The key question in response time studies is when to “start the clock”: from which point do you calculate the reaction time? This becomes even more crucial in a naturalistic setting where pedestrians and cyclists do not always behave in a predictable way. Many traditional methods for determining reaction time do not account for a sense of urgency. They tend to overestimate drivers’ reaction time by assuming they respond slower in fast-moving situations or faster in slow-moving situations.
But Waymo approached the problem differently. In its study, it decided to start the clock at the moment when the driver is surprised or when their expectations are broken.
“In urgent events, drivers react as fast as possible,” Victor said. “And they do that because they’re very surprised.”
Using data from more naturalistic driving studies, Waymo said it created an internal benchmark for collision avoidance that exceeds the typical driver. This gave it a new way to evaluate the performance of its automated driving system, which it calls the Waymo Driver.
Previously, the company had sought to measure the safety of its AVs by simulating dozens of real-world fatal crashes that took place in Arizona over nearly a decade. The Google spinoff discovered that replacing either vehicle in a two-car collision with its robot-guided vehicles would nearly eliminate all deaths.
But Waymo decided to take things a step further. Since it didn’t know how many of those real-world crashes involved drunk, impaired, or overly fatigued driving, the company decided to create a model of a superhuman driver who never got tired or drunk and was always attentive with their eyes on the road. And using its new benchmark in response time measurement, Waymo re-simulated the crashes in its previous study to see how this driver would respond.
The superhuman driver performed really well, but the Waymo Driver did better — sometimes by completely avoiding collisions altogether by just being better than even the best human driver.

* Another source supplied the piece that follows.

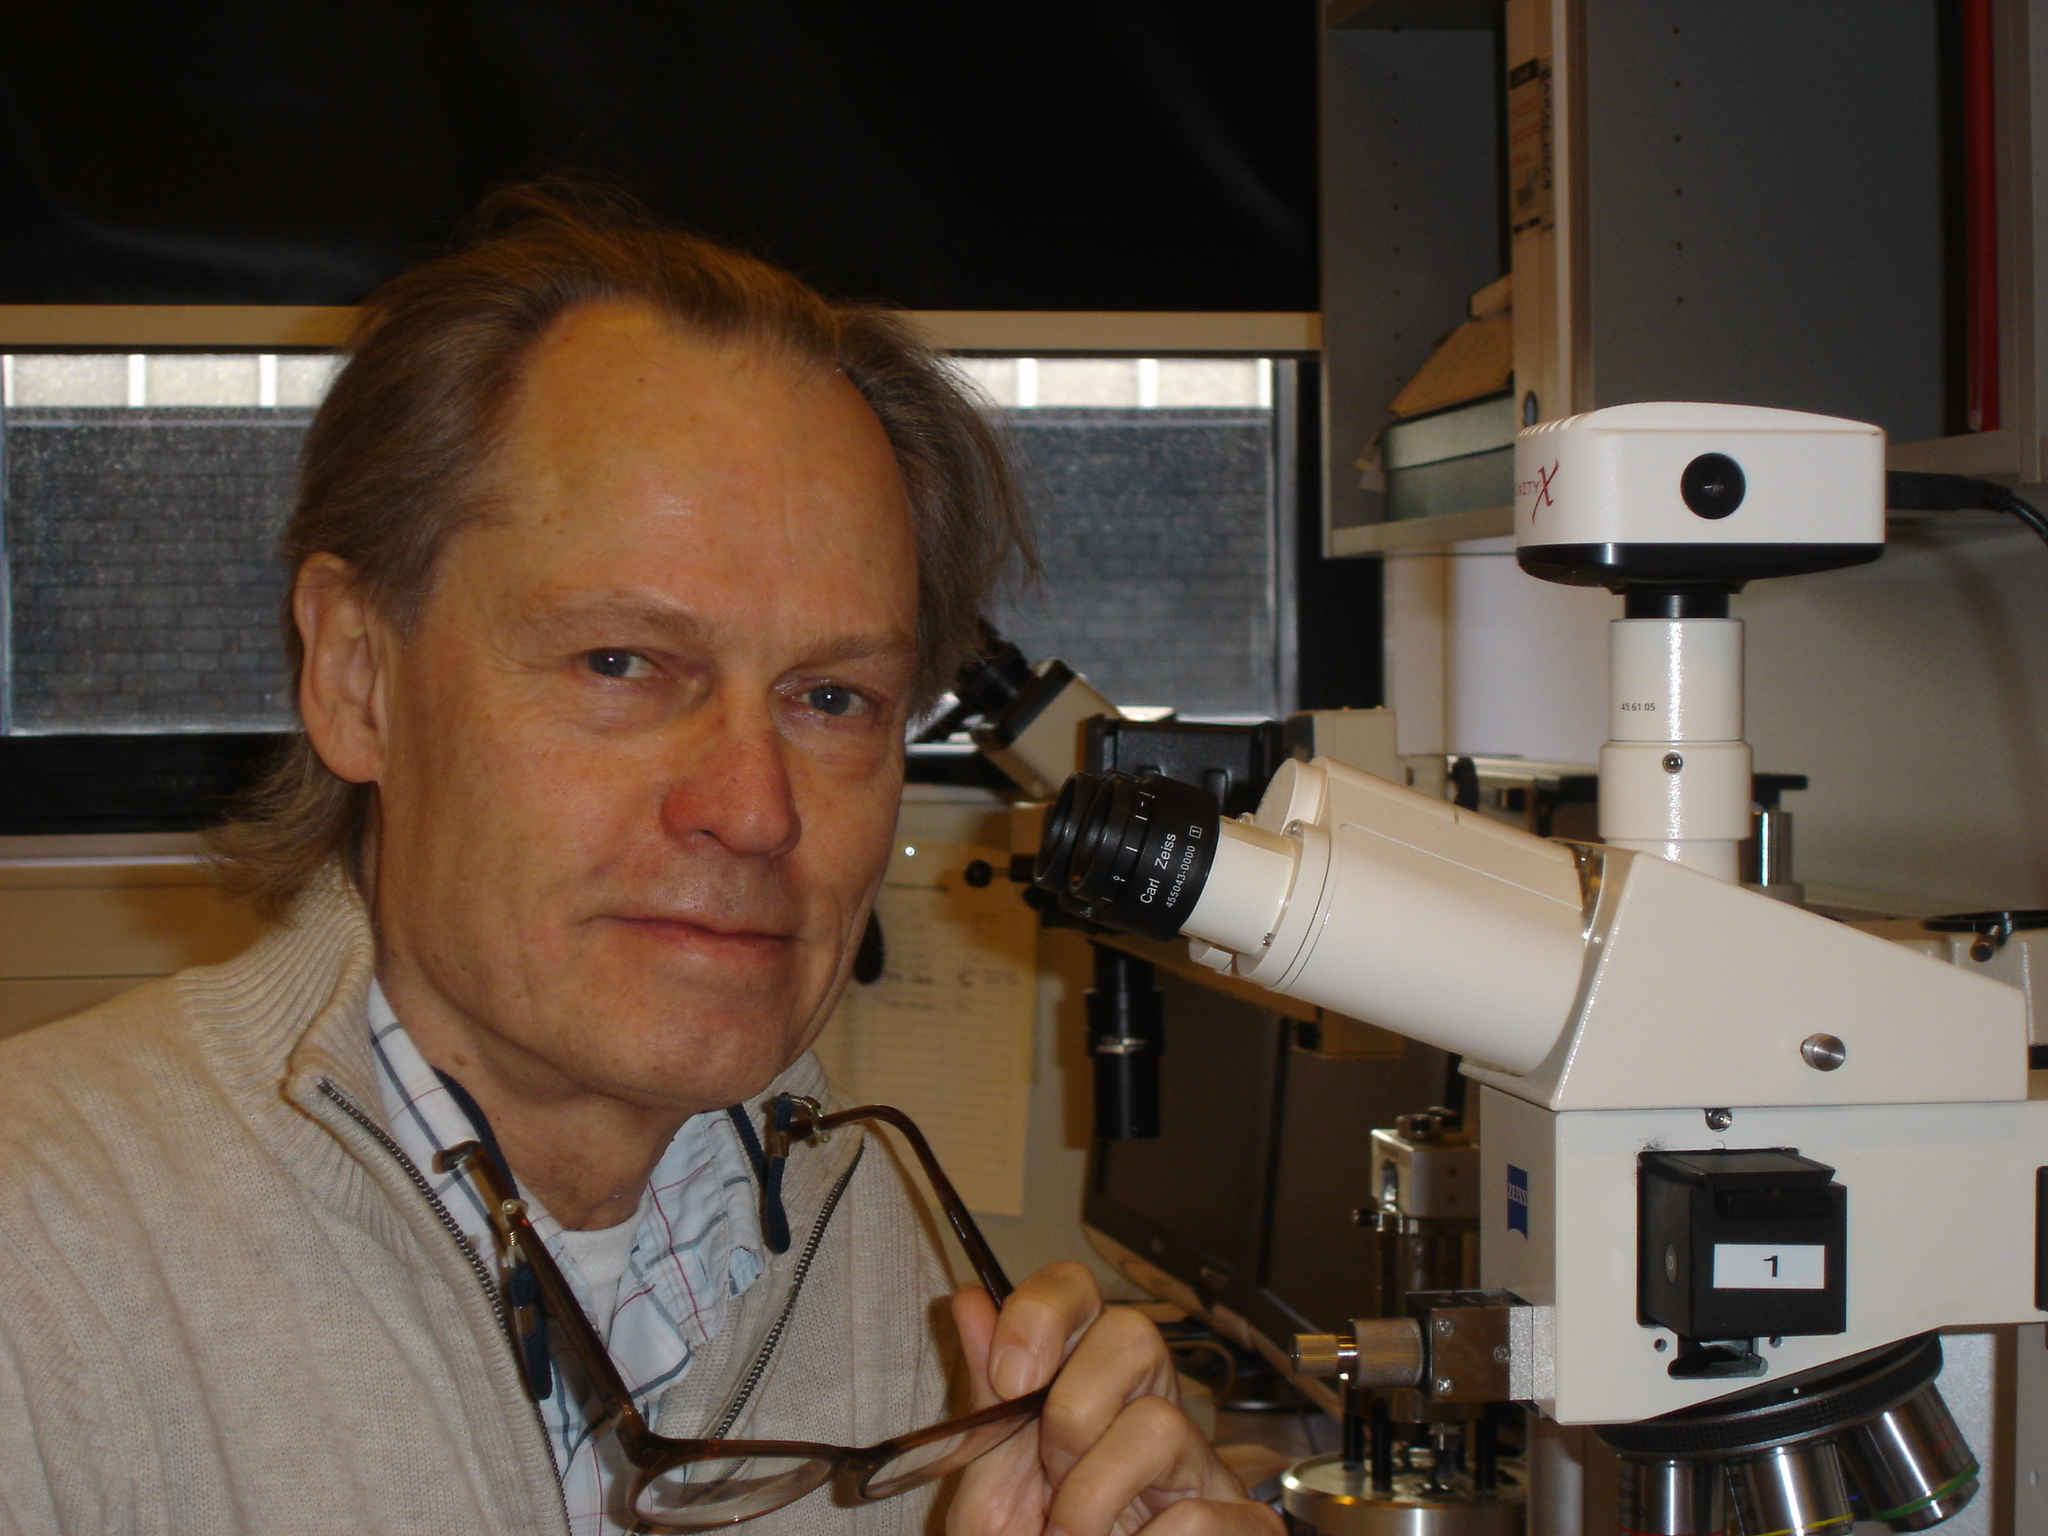 Caption: Dr. Niels Harrit at microscope

There’s no standard approach for evaluating AV safety. A recent study by RAND concluded that, in the absence of a framework, customers are most likely to trust the government — even though US regulators appear content to let the private sector dictate what’s safe. In this vacuum, Waymo hopes that by publicizing this data, policymakers, researchers, and even other companies may begin to take on the task of developing a universal framework.
Victor said both studies have been peer-reviewed and will be submitted to a journal for publication. “We’re following the way the scientific process works,” he said. “So then it’s up to others to comment and do research based off of that.”